NHK VS.フジテレビ、日曜夜の「平成スポーツ振り返り」勝負がアツい!

フジテレビ『S-PARK』

「人間の心身の能力がぶつかり合うスポーツは時代を映す鏡だと思う」

 以前、スポーツジャーナリストの増田明美がつづった一文だ。ならば、まもなく幕を下ろす平成という時代を振り返る上でも、スポーツの視点は重要なはず。

 その意味でも非常に意義深く、良質な企画がある。NHK『サンデースポーツ2020』(日曜21時50分~)における「スポーツ平成史」と、フジテレビ『S-PARK』(日曜23時15分~)における「平成スポーツ史 時代が生んだ名勝負」だ。日曜夜はスポーツを歴史的な視点から振り返ることができる至福の時間が続く。

 同じ日曜の夜、立て続けの放送になっても食傷気味にならないのは、『サンデースポーツ』なら「競技史」、『S-PARK』なら「アスリート視点」と、それぞれ切り口が違うから。それゆえ、浮かび上がる平成スポーツの風景が、少し違ったものになってくる。

『サンデースポーツ』の企画は、2月6日スタート。初回で「平成のオリンピック」を取り上げたあとは、「サッカー」「大相撲」「野球」……といった具合に毎回、ひとつの競技に絞って平成30年史を振り返り、その象徴としてレジェンドアスリートがスタジオにゲスト出演する。

 中でも出色だったのが、初回放送の「平成のオリンピック」だ。まさにこの回こそ、増田明美の言葉を借りれば、“時代を映す鏡”としてのスポーツの変遷が描かれていた。

 たとえば、「アスリート」という言葉がいかに平成で浸透したのか、という考察だ。昭和63年のNHKのニュースでは「アスリート」という言葉は一度も使われず、どこまでも「選手」と表現していたこと。また、ある調査によれば、昭和から平成で「アスリート」という単語のメディアでの使用頻度は50倍にも増えていたという。

 ここで番組では、

「選手=選ばれた人たち=国を背負って戦っていた」

「アスリート=自分自身を磨く人=自己実現としてのスポーツ」

という図式を提示する。

 この日のスタジオゲストは、アトランタ五輪での銅メダル獲得の際、「自分で自分を褒めたい」という流行語を生み出したマラソンの有森裕子。まさに、自己実現達成の瞬間だったわけだ。番組では、その後のプロ宣言も含め、有森の存在を「競技を自分の生き方のひとつにしていく、個人事業主としての自立化の象徴だった」と分析する。

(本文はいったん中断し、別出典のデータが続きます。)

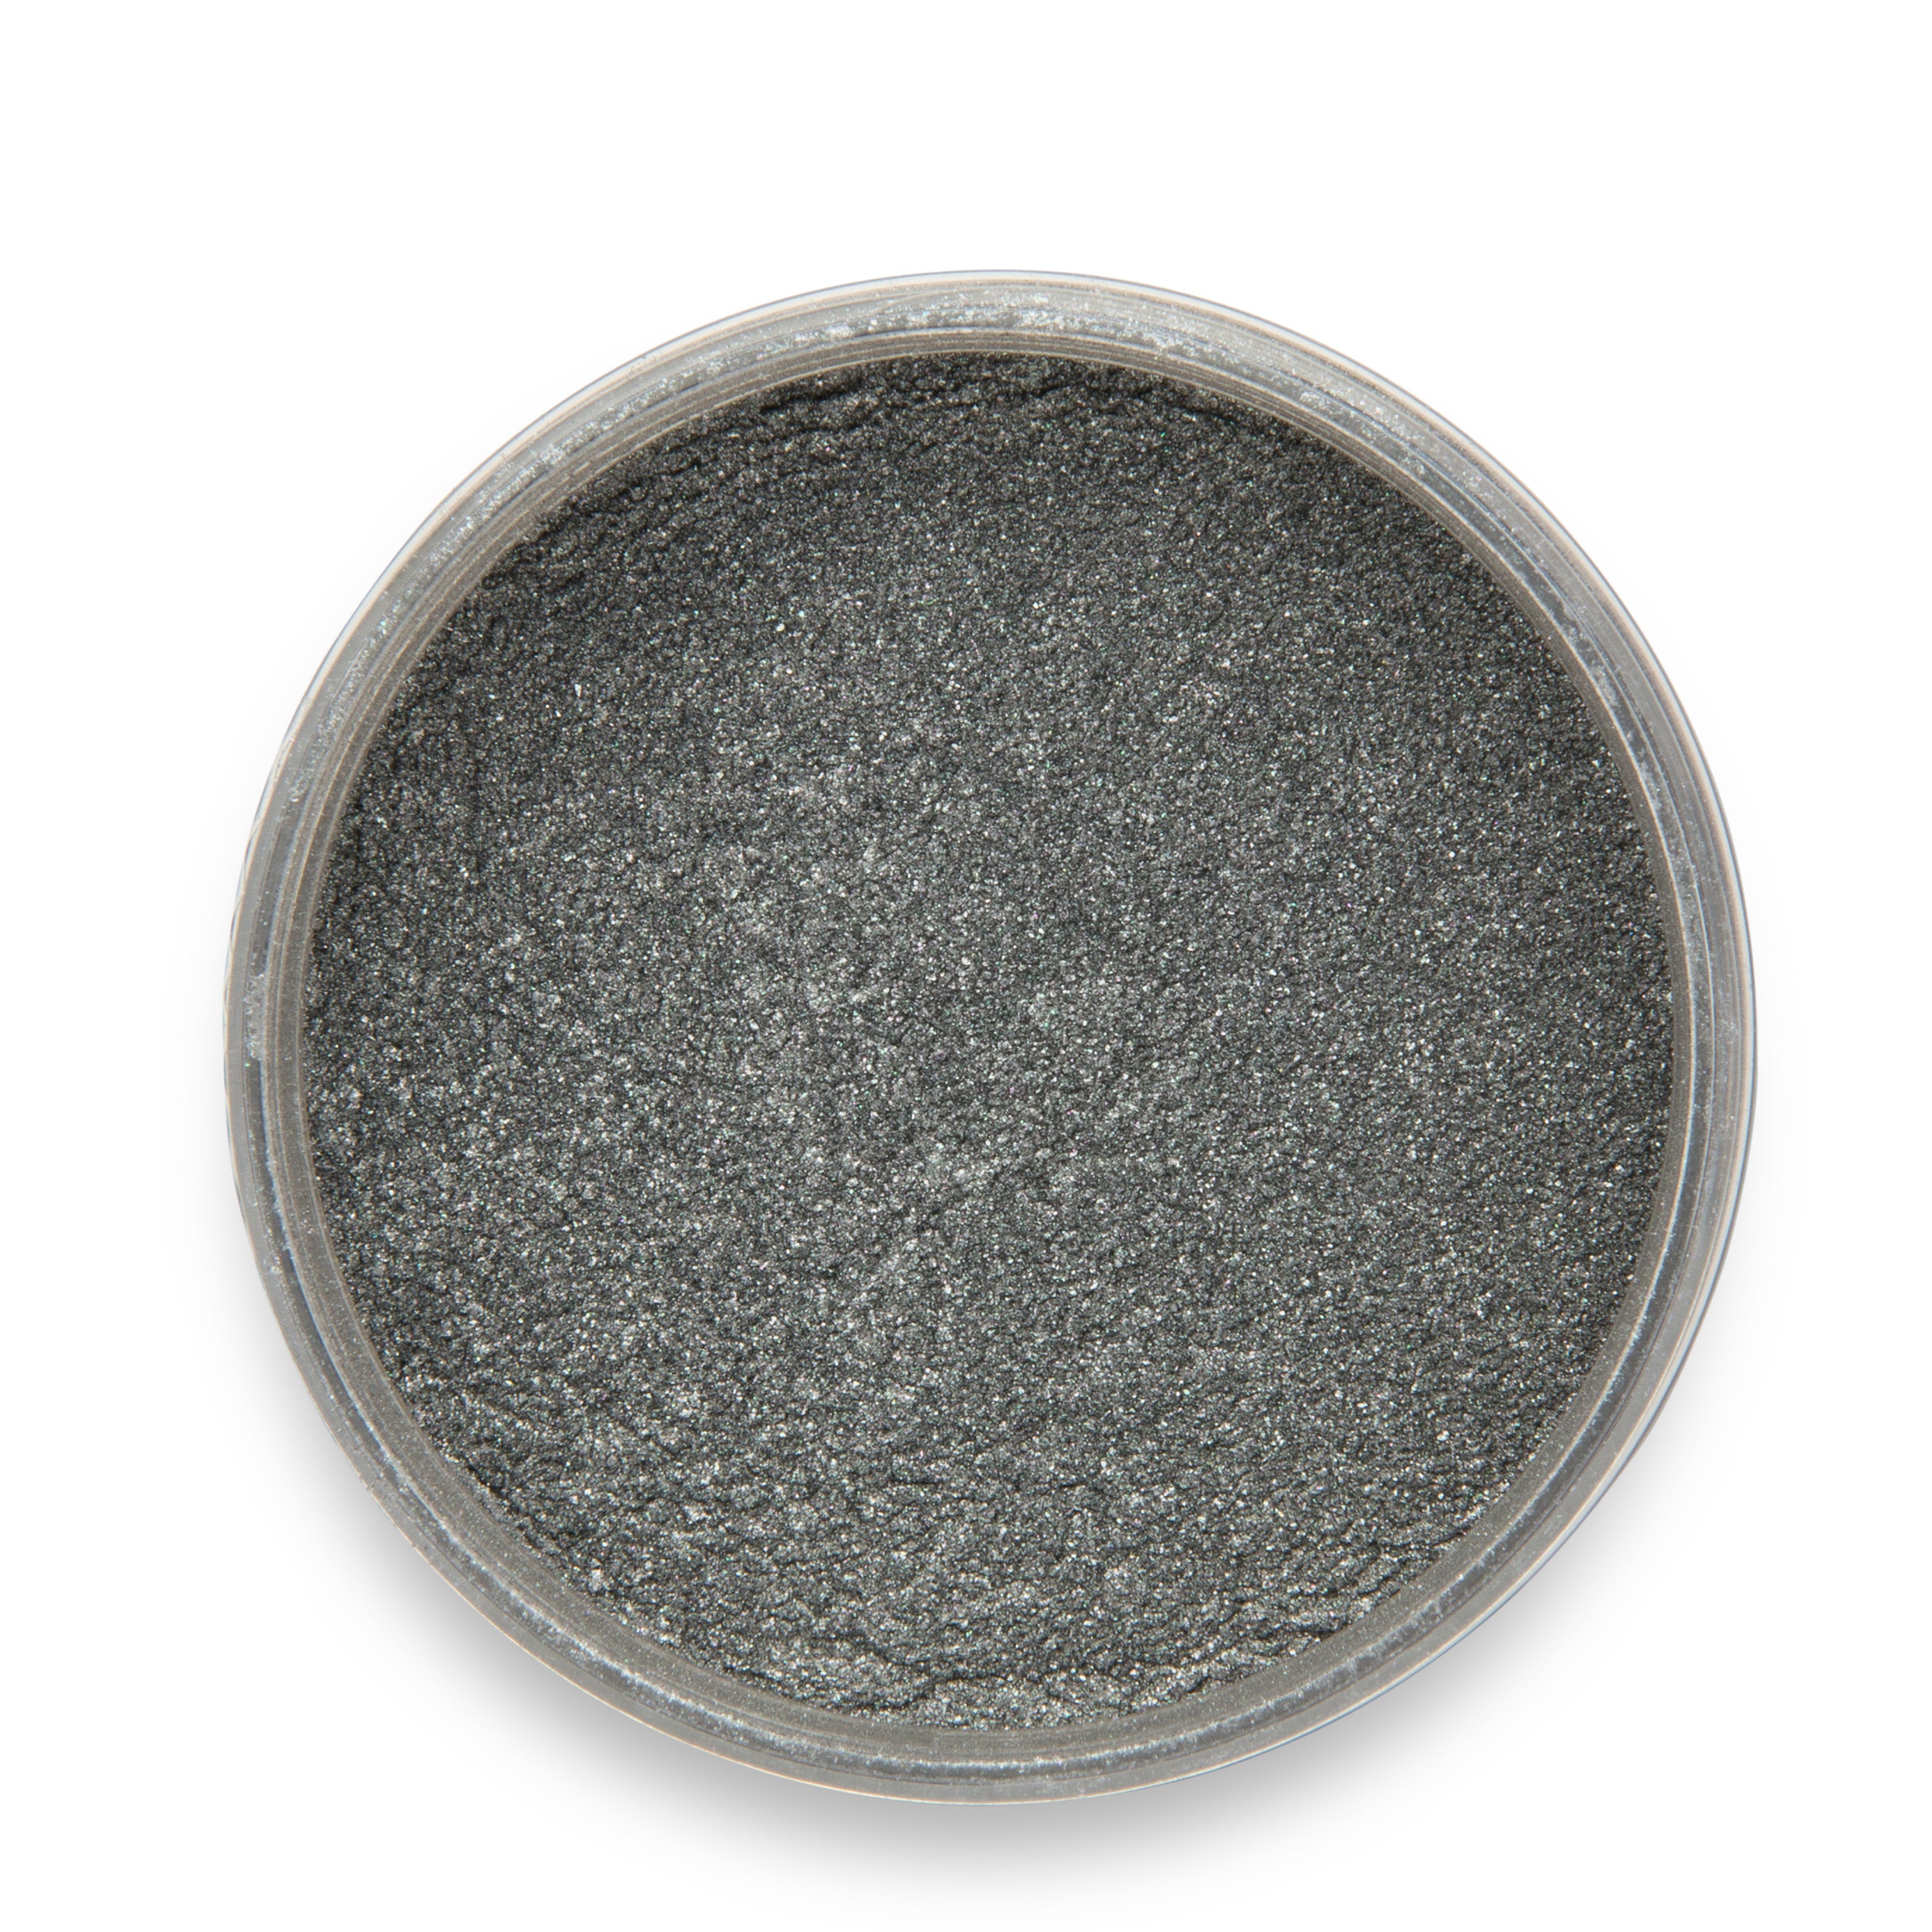 Steel Power Gray Epoxy Color Powder by Pigmently

 また、同じくこの日のゲストだった“キング・オブ・スキー”ノルディック複合の荻原健司の生きざまからは「アスリートが社会との接点を見いだし始め、社会の中でアスリートは何ができるか、深く考えながら競技する時代になった」と、平成時代を振り返っていた。

 企画の初回でこの視点を投げかけてくれたことで、その後の「サッカー」「大相撲」「野球」といった競技別の振り返りでも、社会とのつながり・変遷とともに楽しむことができるのだ。

 一方の『S-PARK』「平成スポーツ史 時代が生んだ名勝負」は、“アスリートから見た平成スポーツ名場面”がテーマだ。昨年末に企画がスタートして以降、ここまですでに10回放送。鈴井大地、松井秀喜、田村亮子、福原愛、荻原健司、川淵三郎、葛西紀明、田臥勇太、内村航平、三浦知良という、まさに時代の顔がずらり。このラインナップを見るだけで、番組側の本気度がうかがえる。